Exercise prompt> Reproduce the records exactly, beginning with their first line and ending with the line that contains "Sonia deepti telugu", and output nothing more.

(Dataset excerpts)
====

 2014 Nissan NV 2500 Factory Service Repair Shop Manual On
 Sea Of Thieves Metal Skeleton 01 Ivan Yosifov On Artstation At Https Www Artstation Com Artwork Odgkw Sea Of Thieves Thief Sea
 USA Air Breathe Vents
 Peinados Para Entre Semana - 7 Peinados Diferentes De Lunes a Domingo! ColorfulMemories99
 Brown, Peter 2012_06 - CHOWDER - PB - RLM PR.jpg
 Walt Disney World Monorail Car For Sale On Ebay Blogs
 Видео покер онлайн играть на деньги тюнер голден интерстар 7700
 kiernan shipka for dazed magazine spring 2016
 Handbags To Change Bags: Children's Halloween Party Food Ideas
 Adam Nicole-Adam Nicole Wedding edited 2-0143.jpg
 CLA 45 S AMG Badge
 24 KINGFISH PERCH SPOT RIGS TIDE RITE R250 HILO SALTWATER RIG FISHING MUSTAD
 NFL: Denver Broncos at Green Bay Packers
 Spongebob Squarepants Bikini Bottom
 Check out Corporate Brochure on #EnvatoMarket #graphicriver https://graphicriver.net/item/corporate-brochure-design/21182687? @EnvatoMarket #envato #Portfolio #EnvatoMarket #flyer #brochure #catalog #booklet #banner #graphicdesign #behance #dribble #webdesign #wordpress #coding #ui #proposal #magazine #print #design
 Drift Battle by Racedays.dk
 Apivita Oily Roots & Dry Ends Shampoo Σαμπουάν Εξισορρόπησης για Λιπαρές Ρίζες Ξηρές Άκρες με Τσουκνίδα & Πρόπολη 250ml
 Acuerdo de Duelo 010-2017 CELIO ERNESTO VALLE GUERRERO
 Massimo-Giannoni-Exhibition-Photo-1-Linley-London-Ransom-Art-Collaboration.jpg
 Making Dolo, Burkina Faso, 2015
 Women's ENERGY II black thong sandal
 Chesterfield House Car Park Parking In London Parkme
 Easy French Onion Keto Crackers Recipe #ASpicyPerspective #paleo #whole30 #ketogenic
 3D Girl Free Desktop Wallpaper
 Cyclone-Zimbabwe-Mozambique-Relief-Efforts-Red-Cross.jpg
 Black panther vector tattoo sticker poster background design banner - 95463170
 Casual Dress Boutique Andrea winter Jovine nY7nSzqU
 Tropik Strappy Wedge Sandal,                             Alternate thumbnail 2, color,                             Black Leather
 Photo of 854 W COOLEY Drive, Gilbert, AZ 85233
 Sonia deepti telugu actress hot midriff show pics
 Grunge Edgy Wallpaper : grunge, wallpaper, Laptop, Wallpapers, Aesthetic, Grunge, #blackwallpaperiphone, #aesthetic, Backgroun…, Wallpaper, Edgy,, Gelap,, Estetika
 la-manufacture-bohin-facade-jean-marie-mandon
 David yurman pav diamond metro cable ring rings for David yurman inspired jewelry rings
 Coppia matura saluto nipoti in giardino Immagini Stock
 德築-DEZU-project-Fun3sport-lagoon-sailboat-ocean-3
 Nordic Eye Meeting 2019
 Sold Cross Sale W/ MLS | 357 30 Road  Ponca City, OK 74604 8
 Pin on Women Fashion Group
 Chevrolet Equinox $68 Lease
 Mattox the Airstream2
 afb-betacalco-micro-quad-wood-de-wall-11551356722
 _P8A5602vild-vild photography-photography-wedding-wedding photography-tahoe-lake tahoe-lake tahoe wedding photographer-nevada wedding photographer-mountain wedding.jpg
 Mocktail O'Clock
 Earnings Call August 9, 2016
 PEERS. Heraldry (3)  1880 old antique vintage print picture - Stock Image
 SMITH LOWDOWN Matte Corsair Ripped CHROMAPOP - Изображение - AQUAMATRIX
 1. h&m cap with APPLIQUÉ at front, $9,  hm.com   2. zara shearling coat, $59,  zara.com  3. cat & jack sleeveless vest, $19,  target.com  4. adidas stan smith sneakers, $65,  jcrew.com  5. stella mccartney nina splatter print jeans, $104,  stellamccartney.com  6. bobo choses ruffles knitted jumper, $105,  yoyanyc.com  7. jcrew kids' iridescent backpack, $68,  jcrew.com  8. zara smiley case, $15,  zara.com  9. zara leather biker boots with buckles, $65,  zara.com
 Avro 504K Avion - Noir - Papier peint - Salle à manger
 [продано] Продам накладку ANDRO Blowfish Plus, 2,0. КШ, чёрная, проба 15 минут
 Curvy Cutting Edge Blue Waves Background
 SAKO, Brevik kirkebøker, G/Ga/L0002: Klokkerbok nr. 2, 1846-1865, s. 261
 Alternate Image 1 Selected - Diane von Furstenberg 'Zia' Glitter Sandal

====

Answer area>
 2014 Nissan NV 2500 Factory Service Repair Shop Manual On
 Sea Of Thieves Metal Skeleton 01 Ivan Yosifov On Artstation At Https Www Artstation Com Artwork Odgkw Sea Of Thieves Thief Sea
 USA Air Breathe Vents
 Peinados Para Entre Semana - 7 Peinados Diferentes De Lunes a Domingo! ColorfulMemories99
 Brown, Peter 2012_06 - CHOWDER - PB - RLM PR.jpg
 Walt Disney World Monorail Car For Sale On Ebay Blogs
 Видео покер онлайн играть на деньги тюнер голден интерстар 7700
 kiernan shipka for dazed magazine spring 2016
 Handbags To Change Bags: Children's Halloween Party Food Ideas
 Adam Nicole-Adam Nicole Wedding edited 2-0143.jpg
 CLA 45 S AMG Badge
 24 KINGFISH PERCH SPOT RIGS TIDE RITE R250 HILO SALTWATER RIG FISHING MUSTAD
 NFL: Denver Broncos at Green Bay Packers
 Spongebob Squarepants Bikini Bottom
 Check out Corporate Brochure on #EnvatoMarket #graphicriver https://graphicriver.net/item/corporate-brochure-design/21182687? @EnvatoMarket #envato #Portfolio #EnvatoMarket #flyer #brochure #catalog #booklet #banner #graphicdesign #behance #dribble #webdesign #wordpress #coding #ui #proposal #magazine #print #design
 Drift Battle by Racedays.dk
 Apivita Oily Roots & Dry Ends Shampoo Σαμπουάν Εξισορρόπησης για Λιπαρές Ρίζες Ξηρές Άκρες με Τσουκνίδα & Πρόπολη 250ml
 Acuerdo de Duelo 010-2017 CELIO ERNESTO VALLE GUERRERO
 Massimo-Giannoni-Exhibition-Photo-1-Linley-London-Ransom-Art-Collaboration.jpg
 Making Dolo, Burkina Faso, 2015
 Women's ENERGY II black thong sandal
 Chesterfield House Car Park Parking In London Parkme
 Easy French Onion Keto Crackers Recipe #ASpicyPerspective #paleo #whole30 #ketogenic
 3D Girl Free Desktop Wallpaper
 Cyclone-Zimbabwe-Mozambique-Relief-Efforts-Red-Cross.jpg
 Black panther vector tattoo sticker poster background design banner - 95463170
 Casual Dress Boutique Andrea winter Jovine nY7nSzqU
 Tropik Strappy Wedge Sandal,                             Alternate thumbnail 2, color,                             Black Leather
 Photo of 854 W COOLEY Drive, Gilbert, AZ 85233
 Sonia deepti telugu actress hot midriff show pics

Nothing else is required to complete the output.